Of course, if you’re uncircumcised and getting a bit old, you can just use your own foreskin. And if you’re very old, you don’t even need to cut it off – you can just stretch it over your head like a hoodie.

In the future, when someone calls you a dickhead, it’ll be a compliment.

It’s all fine until your face starts pissing all over you.

It’s great for removing wrinkles, and also gives you these cool curly eyebrows.

Or for a cheaper procedure, just staple foreskins to your face. Mmmm, so smooth! / Mmm, as smooth as a baby’s cock!

It’s the one procedure guaranteed to make your face baby-cock-smooth.

It’s perfect to give your face that just-cut-off-a-baby’s-cock feeling.

They want to use even more baby genitals in cosmetic surgery, but they haven’t got the balls. / enough balls.

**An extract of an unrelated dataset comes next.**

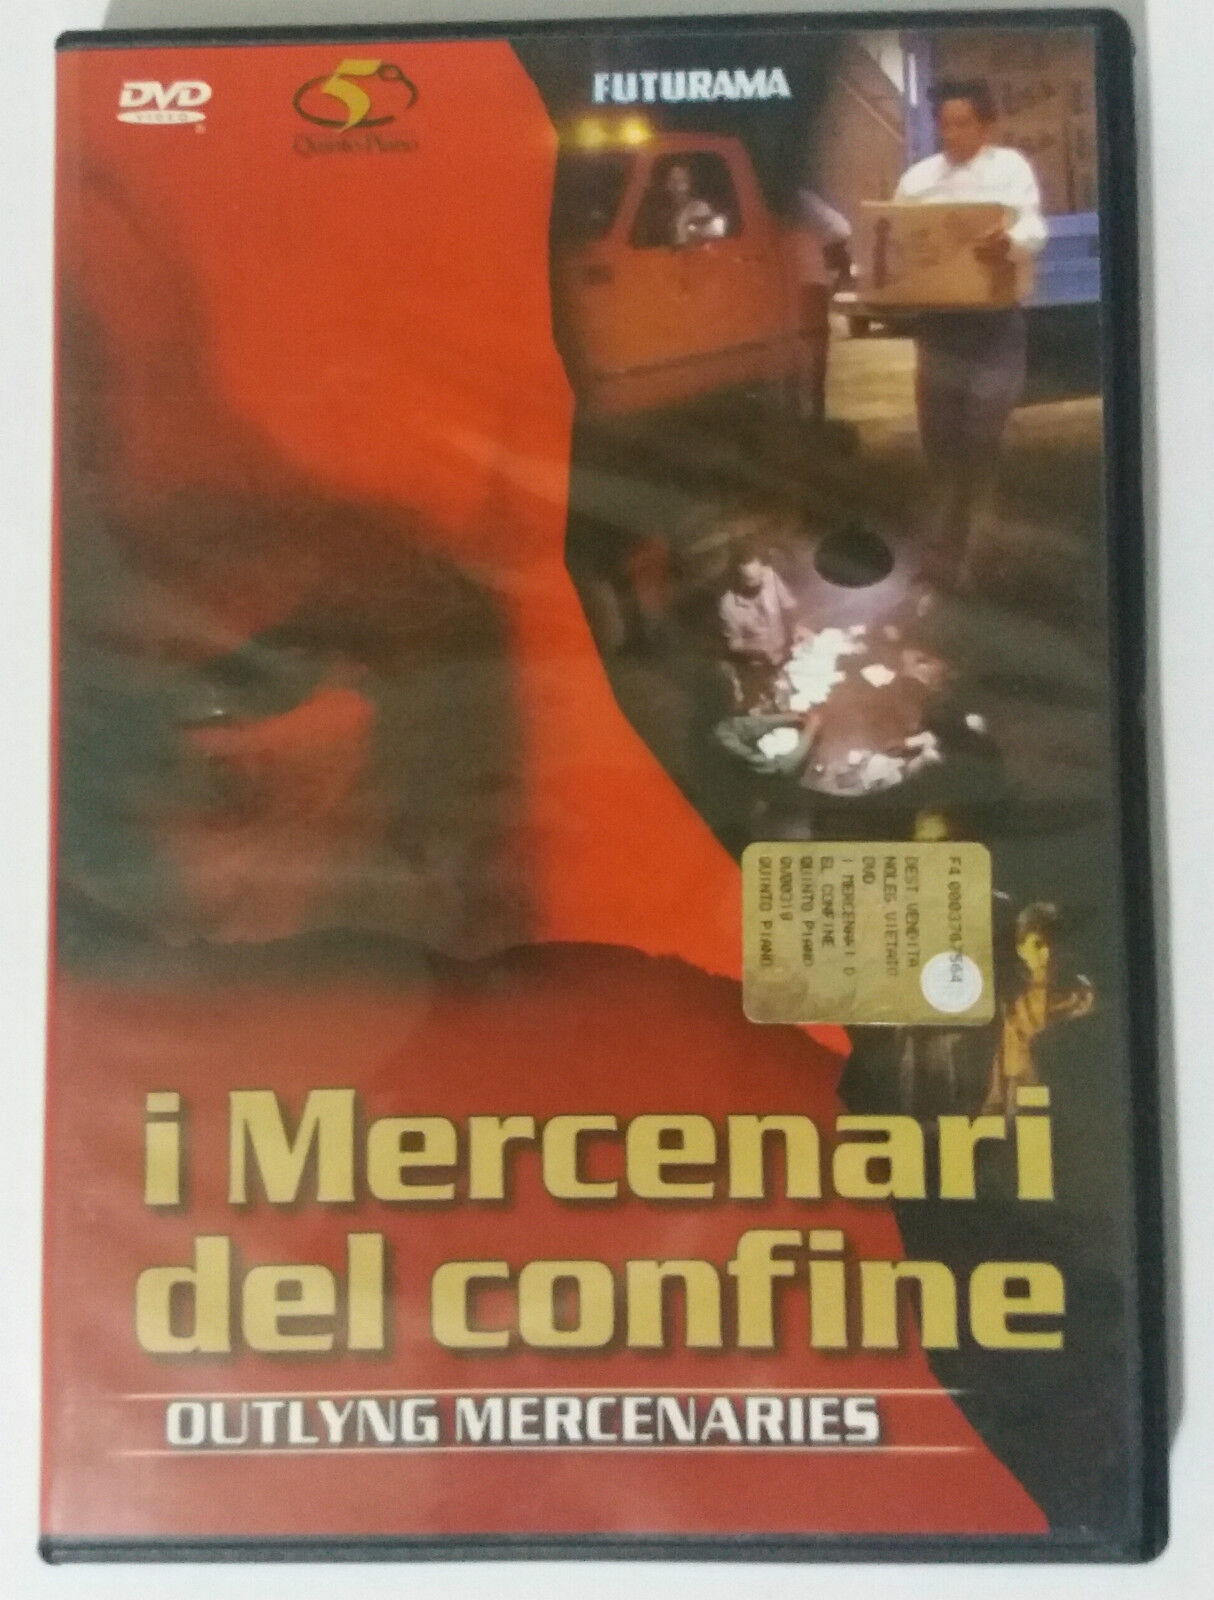 I mercenari del confine - Al Garrison - Quinto Piano - 1984 - DVD - G dvd usato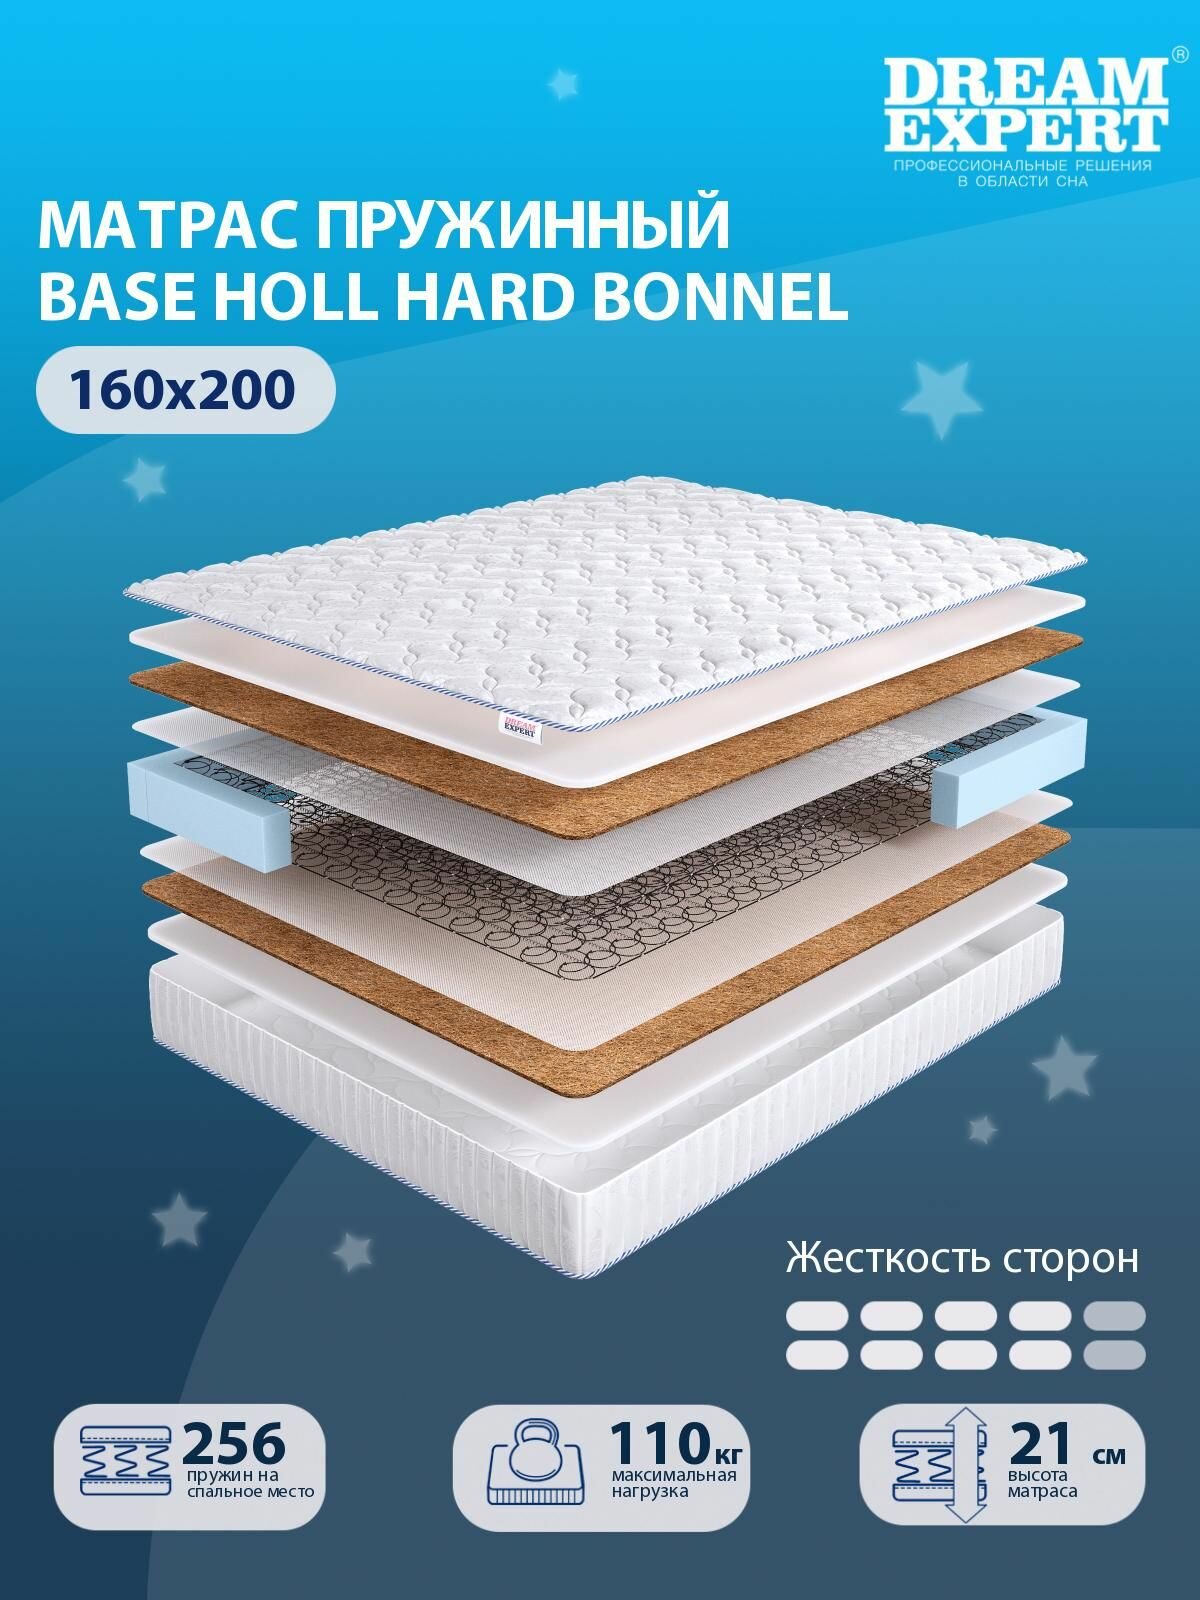 Матрас DreamExpert Base Holl Hard Bonnel выше средней жесткости, двуспальный, зависимый пружинный блок, на кровать 160x200

Of course, about 15 years after you have the treatment, your face starts swelling up at inappropriate times – and you don’t wanna know what happens at night. / and you can’t stop rubbing your face. / and your face starts growing short curly hairs. / and you start crying creamy tears. / and your sweat comes out white.

And, in another scientific breakthrough, scientists are now able to graft your face onto the end of your cock! / a tiny little face onto the end of your penis!

Unfortunately for those who’ve had the operation, it turned out to just be a misunderstanding when a cosmetic surgeon asked for “some more skin”.

The scientists are now experimenting to see what kind of facial smoothing they can get from flaps.

By Wok and Mat

Warwick Holt and Mat Blackwell are long-time writing partners, who created the mega-award winning web series Bruce, and wrote loads of jokes for TV shows including Good News Week, The Sideshow and The Glass House. Several years of their raw material for those shows is posted right here on this blog.